使用 C++11 的基于范围的 for 的正确方法是什么?

应该使用什么语法?for (auto elem : container),或 for (auto& elem : container)for (const auto& elem : container)?还是其他?

解决方案

TL;DR:考虑以下指南:

  1. 对于观察元素,请使用以下语法:

    for (const auto& elem : container)//通过常量引用捕获

    • 如果对象复制成本低(如ints、doubles等),可以使用稍微简化的形式:

       for (auto elem : container)//按值捕获

  2. 对于修改元素,使用:

    for (auto& elem : container)//通过(非常量)引用捕获

    • 如果容器使用代理迭代器"(如std::vector),请使用:

       for (auto&& elem : container)//由 && 捕获

当然,如果需要对循环体内部的元素进行本地拷贝按值(for (auto elem :容器)) 是一个不错的选择.


详细讨论

让我们开始区分观察容器中的元素与修改到位.

观察元素

让我们考虑一个简单的例子:

vectorv = {1, 3, 5, 7, 9};对于(自动 x:v)cout<<x<<' ';

上面的代码打印了vector中的元素(ints):

<块引用>

1 3 5 7 9

现在考虑另一种情况,其中向量元素不仅仅是简单的整数,但是更复杂的类的实例,具有自定义复制构造函数等.

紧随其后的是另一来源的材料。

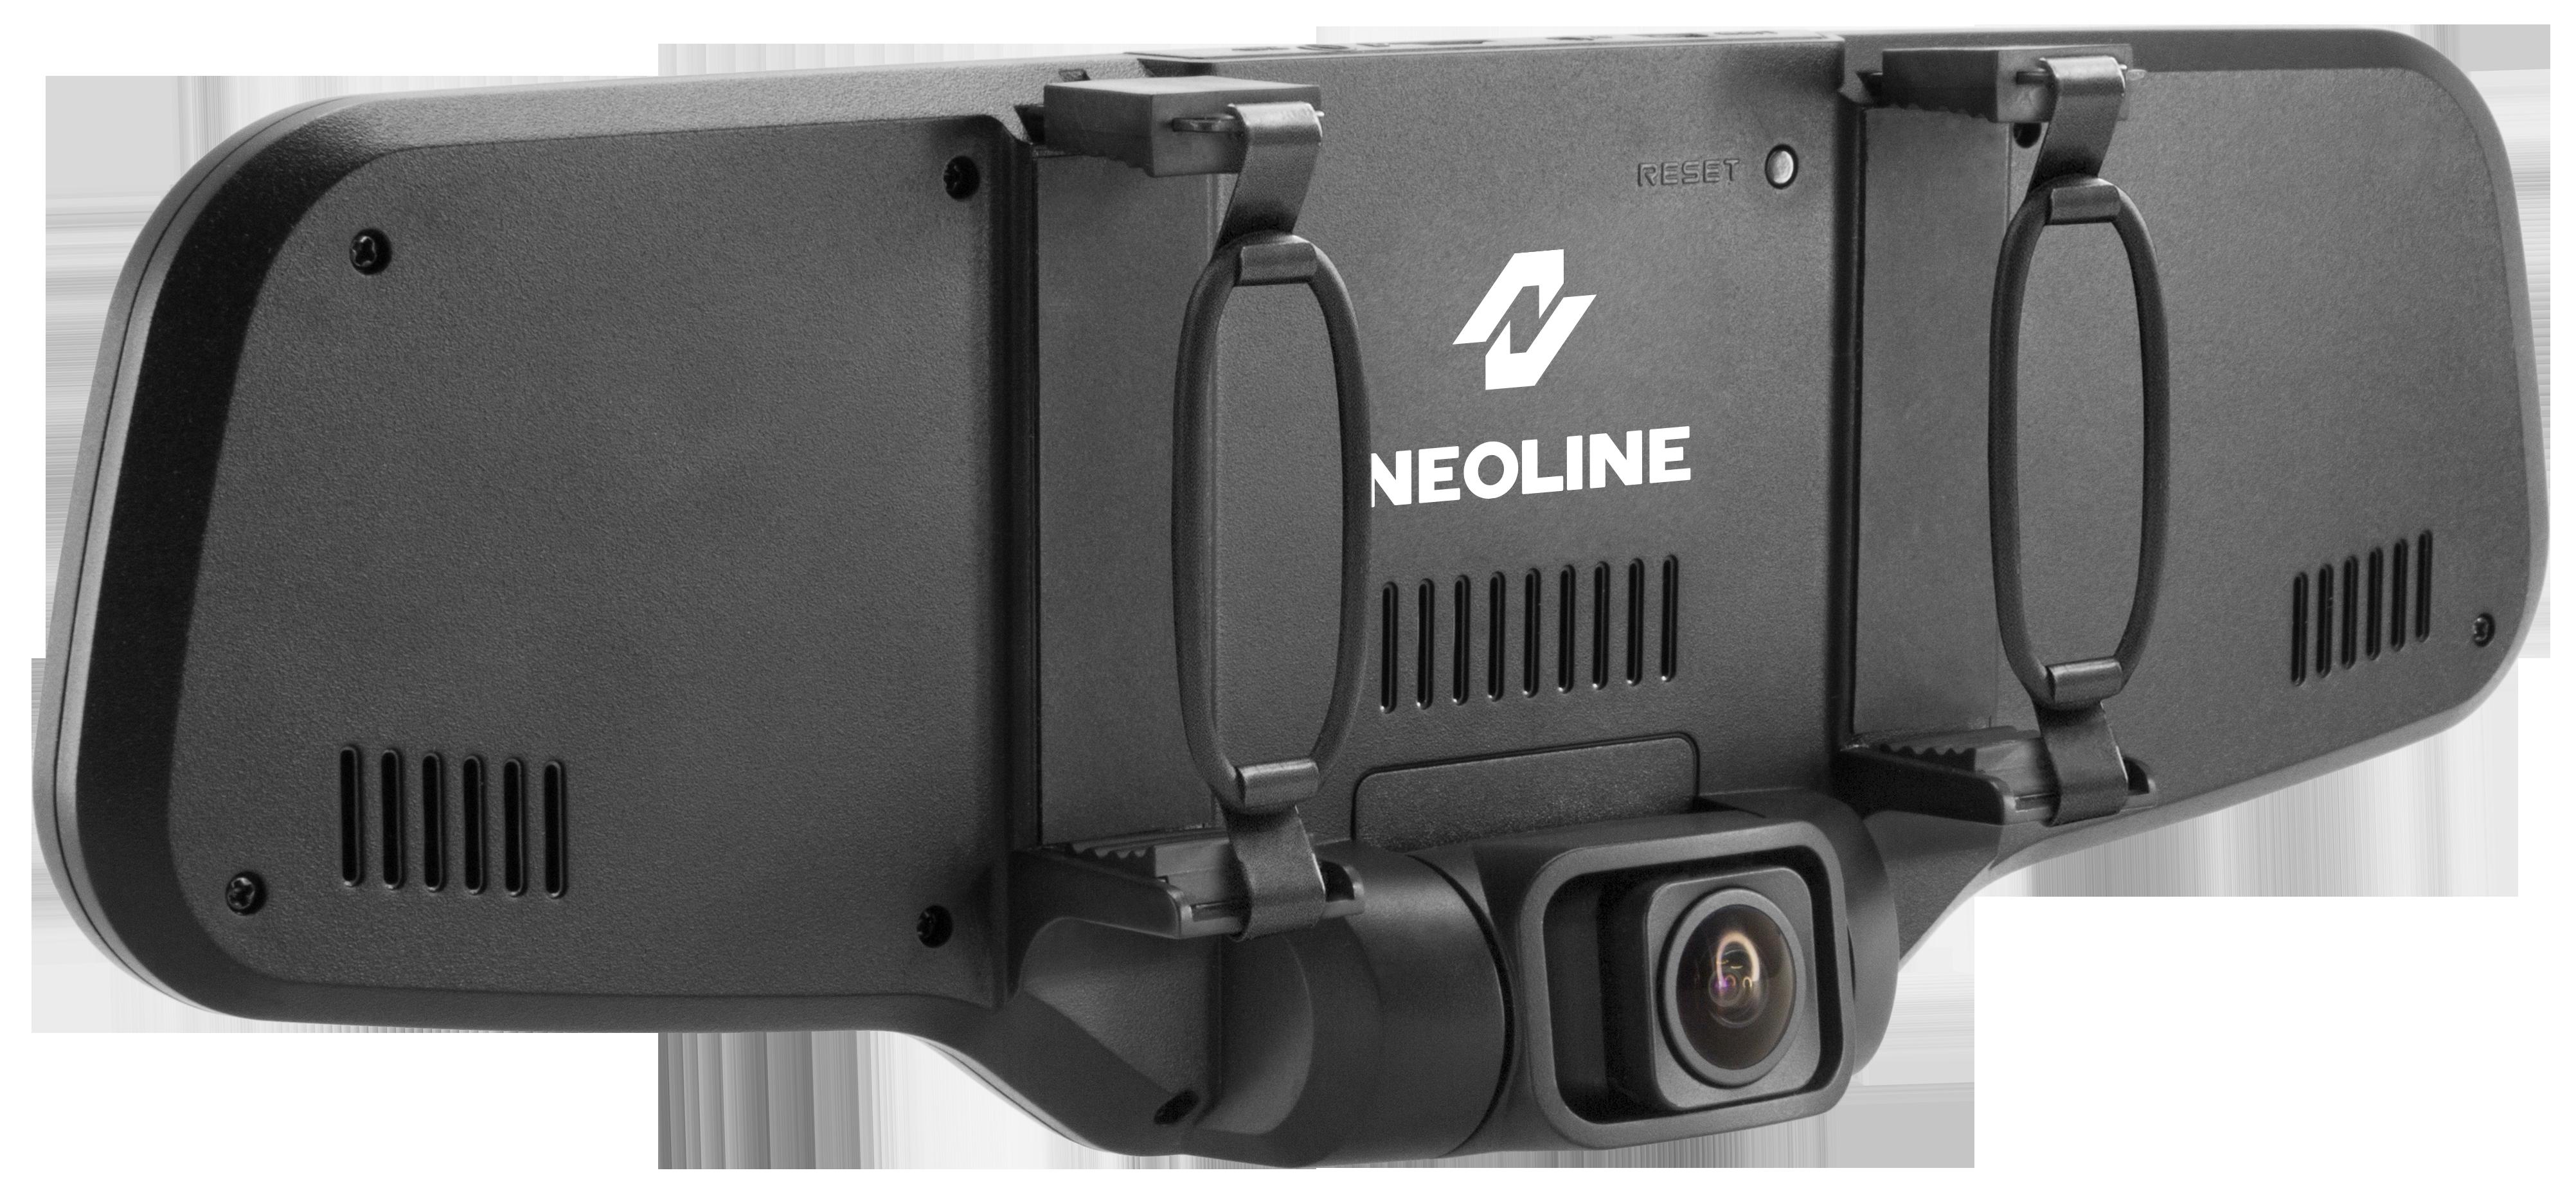 Зеркало заднего вида Neoline G-tech X13 с видеорегистратором

//一个示例测试类,具有自定义复制语义.X级{民众:X(): m_data(0){}X(int 数据): m_data(数据){}~X(){}X(const X&其他): m_data(other.m_data){ cout <<X 复制工具.
";}X&运算符=(常量 X& 其他){m_data = other.m_data;cout<<X 副本分配.
";返回 *this;}int Get() 常量{返回 m_data;}私人的:int m_data;};ostream&运算符<<(ostream& os, const X& x){操作系统<

如果我们在这个新类中使用上面的 for (auto x : v) {...} 语法:

vectorv = {1, 3, 5, 7, 9};cout<<
元素:
";对于(自动 x:v){cout<<x<<' ';}

输出类似于:

<块引用>

[... 复制构造函数调用 vector初始化...]元素:X 复印机.1 X 复印机.3 X 复印机.5 X 复印机.7 X 复印机.9

因为可以从输出中读取,复制构造函数调用是在基于范围的 for 循环迭代期间进行的.
这是因为我们正在捕获容器中的元素按值(for (auto x : v) 中的 auto x 部分).

这是低效代码,例如,如果这些元素是std::string的实例,可以通过昂贵的内存管理器等来完成堆内存分配.如果我们只想观察容器中的元素,这是没有用的.

因此,可以使用更好的语法:捕获通过const引用,即const auto&:

vectorv = {1, 3, 5, 7, 9};cout<<
元素:
";for (const auto& x : v){cout<<x<<' ';}

现在输出是:

<块引用>

 [... 复制构造函数调用 vector;初始化...]元素:1 3 5 7 9

没有任何虚假(并且可能很昂贵)的复制构造函数调用.

因此,当观察容器中的元素(即只读访问)时,以下语法适用于简单的cheap-to-copy 类型,例如intdouble 等:

for (auto elem : 容器)

另外,在一般情况中,通过const引用捕获更好,避免无用(并且可能很昂贵)的复制构造函数调用:

for (const auto& elem : 容器)

修改容器中的元素

如果我们想使用基于范围的for修改容器中的元素,上面的 for (auto elem : container)for (const auto& elem : container)语法错误.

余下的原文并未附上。